Last March, when the Retail Price Index (RPI) showed the inflation rate had ticked down to zero, few of us realized it would have any real effect on our money. But because the RPI influences student loan interest rates, a few percent here or there can make a massive difference to students and graduates.
The good news is that because the interest charged on student loans changes every year based on the inflation rate the previous March, students either paid no interest, or actually earned money on a loan this academic year. The bad news is that last week, the RPI - which is used to measure inflation - shot up to a massive 4.4 per cent, which means student loans could be about to get a lot more expensive.
From September, anyone who was a student after 1998 and earns over £15,000 will pay 4.4 per cent interest on their loan or the Bank of England’s Base Rate plus 1 per cent, whichever is lower. So if you have an outstanding loan of £8,000, you’ll go from paying £0 a year in interest to paying at least £120, if not £352.
If you were a student between 1990 and 1997, the news is worse because the rules are different. For the same £8,000 debt you’ll go from earning £32 a year (i.e. your student loan amount will be going down all by itself) thanks to a negative rate of -0.4 per cent interest, to your debt increasing by £352 a year from September if your interest rate soars to 4.4 per cent.
So what can you do now to make a difference?
Order your debts
If you earn more than £15,000 and took your loan after 1998, the government should be automatically taking 9 per cent of anything you earn over that £15,000 before tax. So, if you earn £16,000, the HMRC will take £90, and if you earn £30,000 you’ll repay £1,350 annually off your loan. If that isn’t happening, it’s your job to get it put right or you'll end up playing catch up on your repayments.
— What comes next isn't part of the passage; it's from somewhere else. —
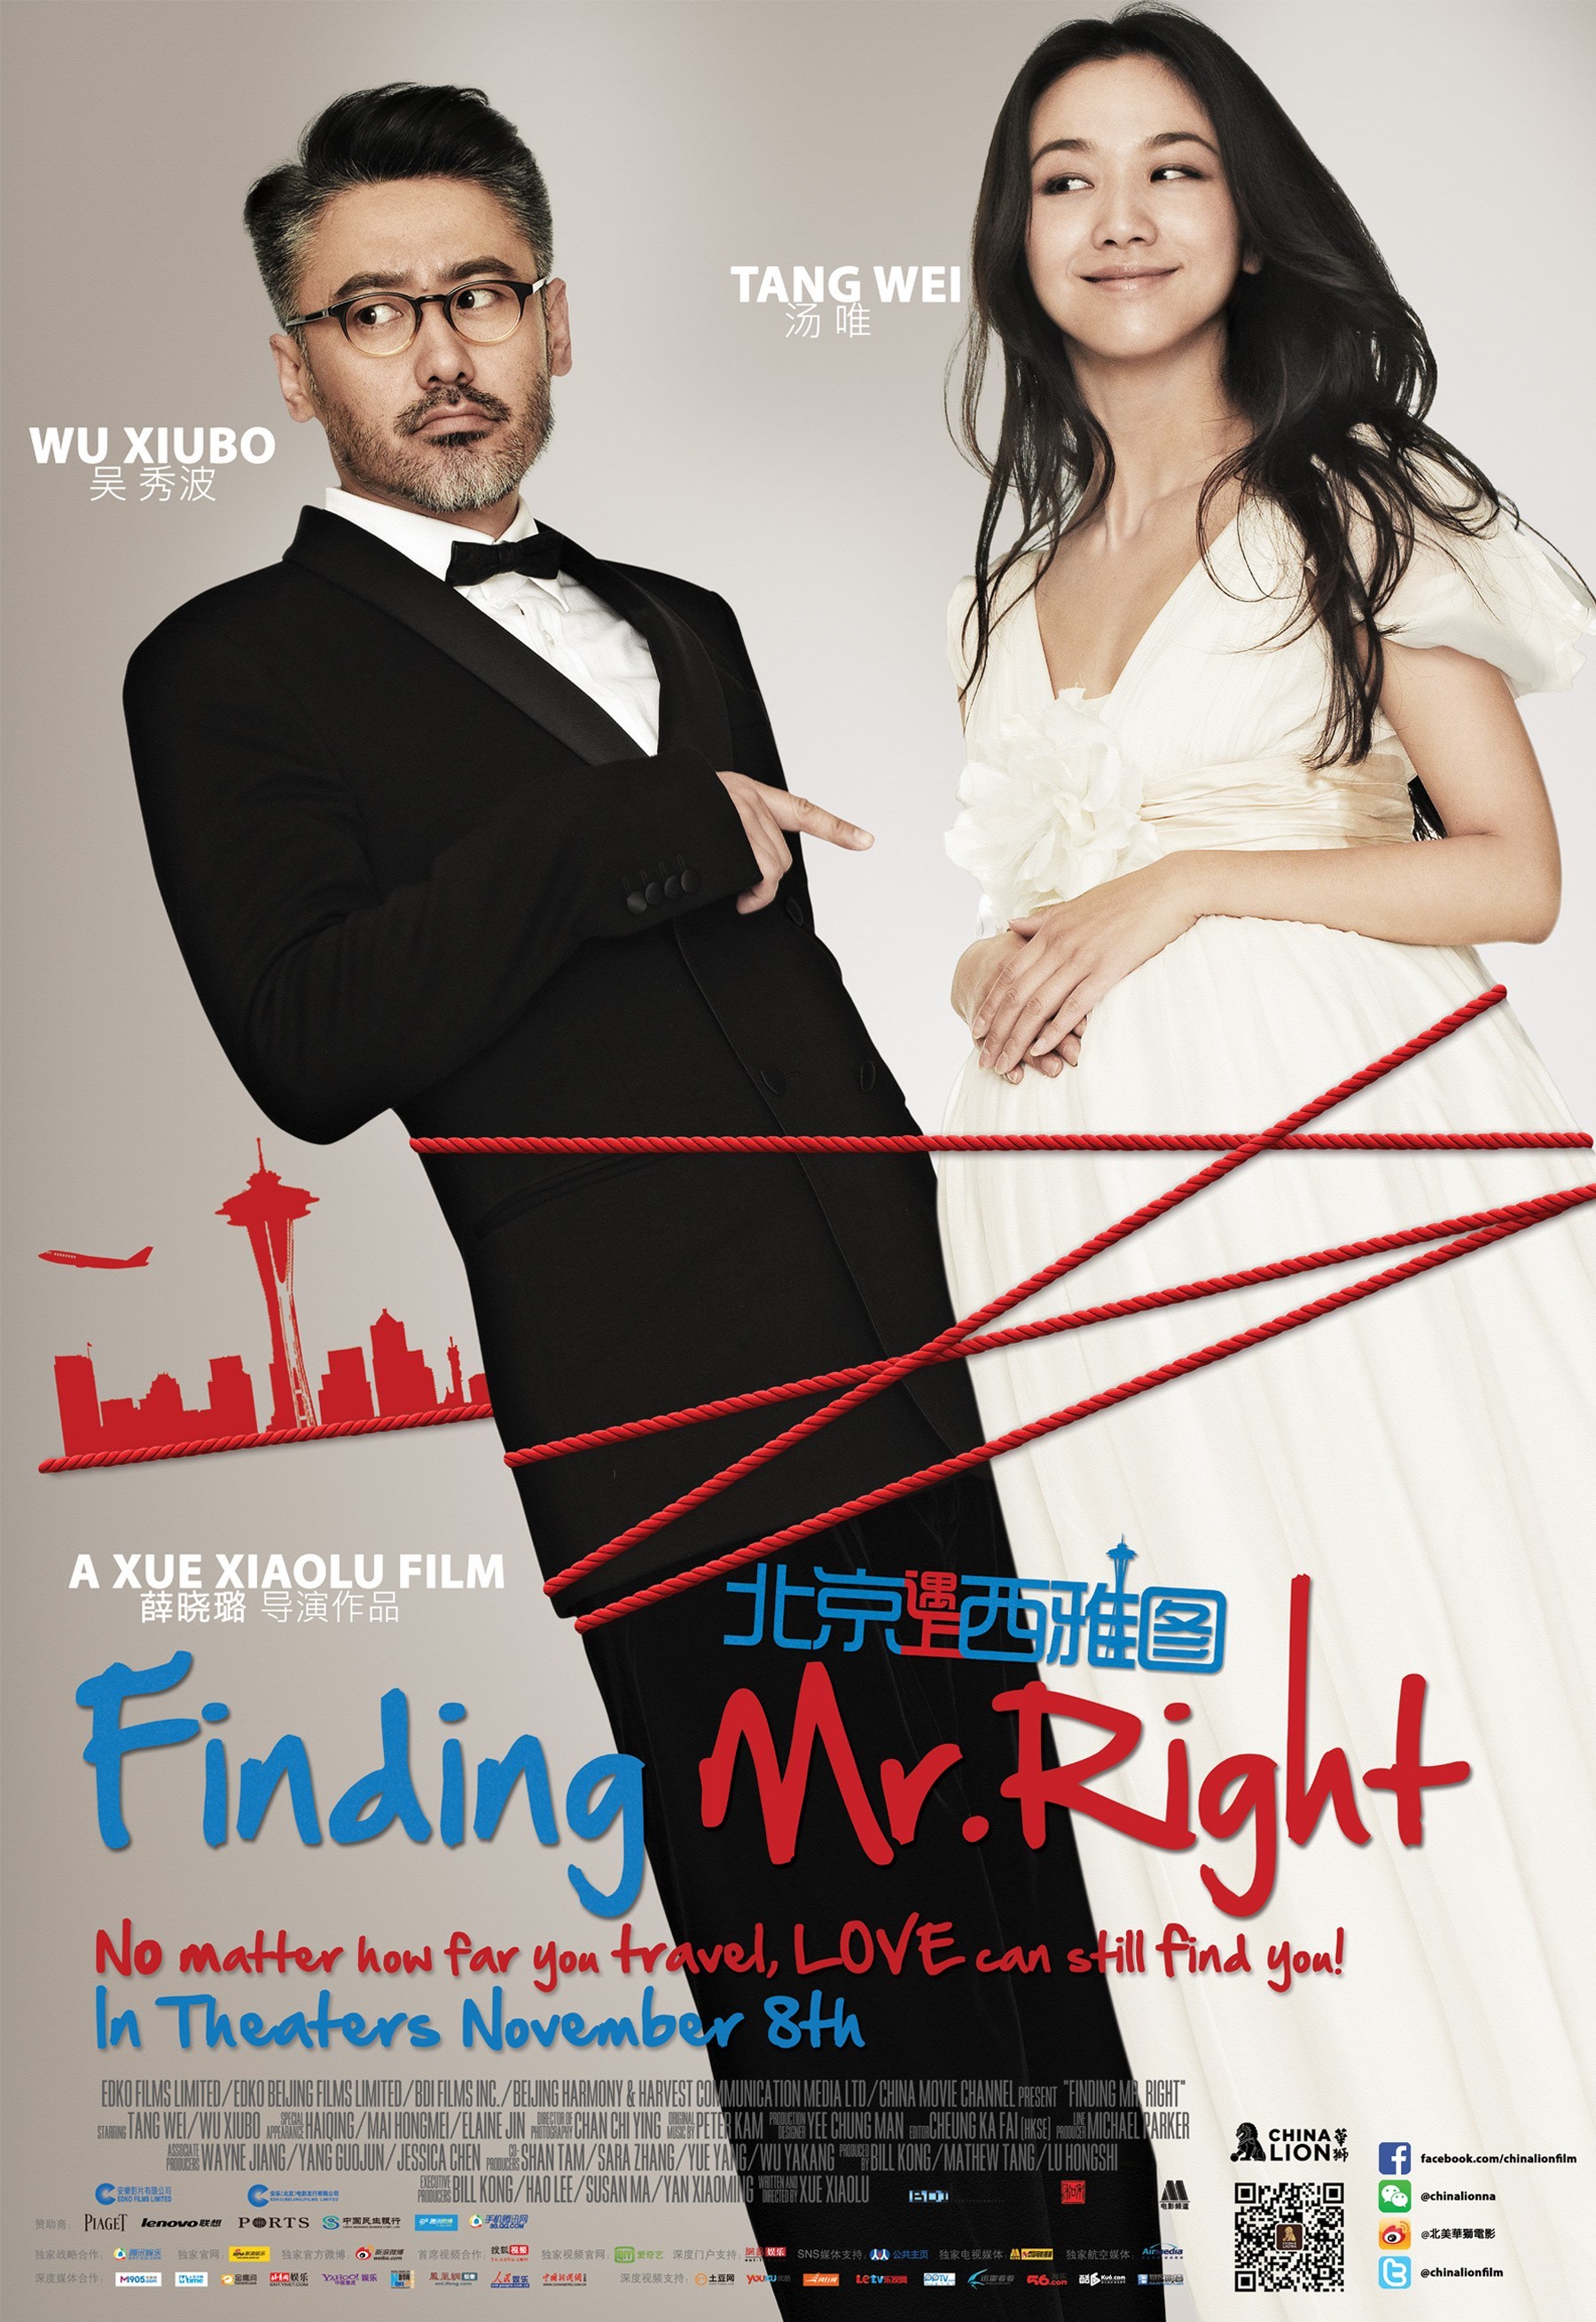 Finding Mr.Right (2013) ข้ามฟ้ามาเติมรัก (Soundtrack ซับไทย) - ดูหนังออนไลน
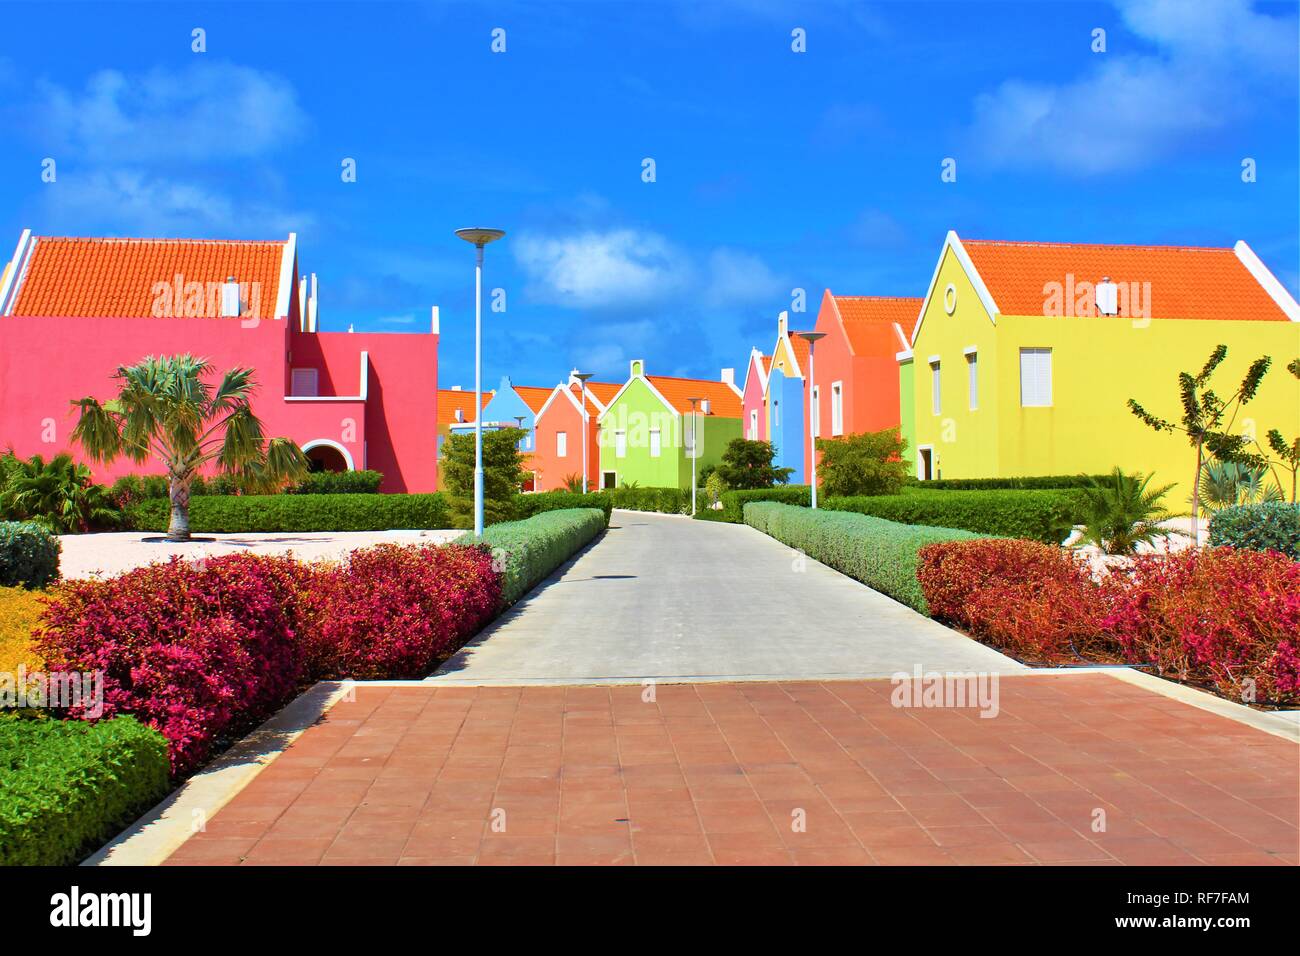 Kralendijk, Bonaire, Caribbean - February 22nd 2018: The colourful, newly built Courtyard Village tourist accommodation complex. Stock Photo

But many of us also have overdrafts and credit card loans, costing us far more in annual interest. The average interest rate for a credit card is around 19 per cent and for an overdraft is around 14 per cent, according to the Bank of England.
If your £8,000 debt was on a credit card, you’d be charged a huge £1,520 every year for the privilege, and £1,120 for such a big overdraft. So it makes sense to pay any outstanding debts off here first whenever possible. Your basic student loan repayments will automatically be coming out of your wages every month, so before paying anything extra towards this cheap loan, use any surplus cash to pay off those more expensive loans first.
The best way to free up as much cash to pay off your debts is to create a monthly budget. Start by writing down everything you spend in a month to work out where you could cut down. From that you can work out how much extra money you can put towards paying off your loans.
Set out your maximum spending for everything else and stick to it, and you should be able to pay off your debts far sooner than you thought. If you have savings, the record-low rates of interest you earn there will mean you’ll probably be far better off using the cash to pay off your debts.
Think about the future
Peter Chadborn, of independent financial advice firm CBK Colchester, warns:
"Anyone hoping to buy a house in the next few years will need to think about their debts and savings in a different way.
"It's easy to forget about your student loan right now, but if you want to get a mortgage later, the fact that you have an outstanding loan could go against you when a bank is looking at your take home pay.
"But equally, first-time buyers will need significant deposits for the foreseeable future, and that means plenty of cash savings."
And he offered this budgeting advice for future first-time buyers:
“Start with how much money you want to have saved for a house by a certain deadline, then work backwards from there – calculating how much you need to save every month, and how much there is left to pay off your student debt.”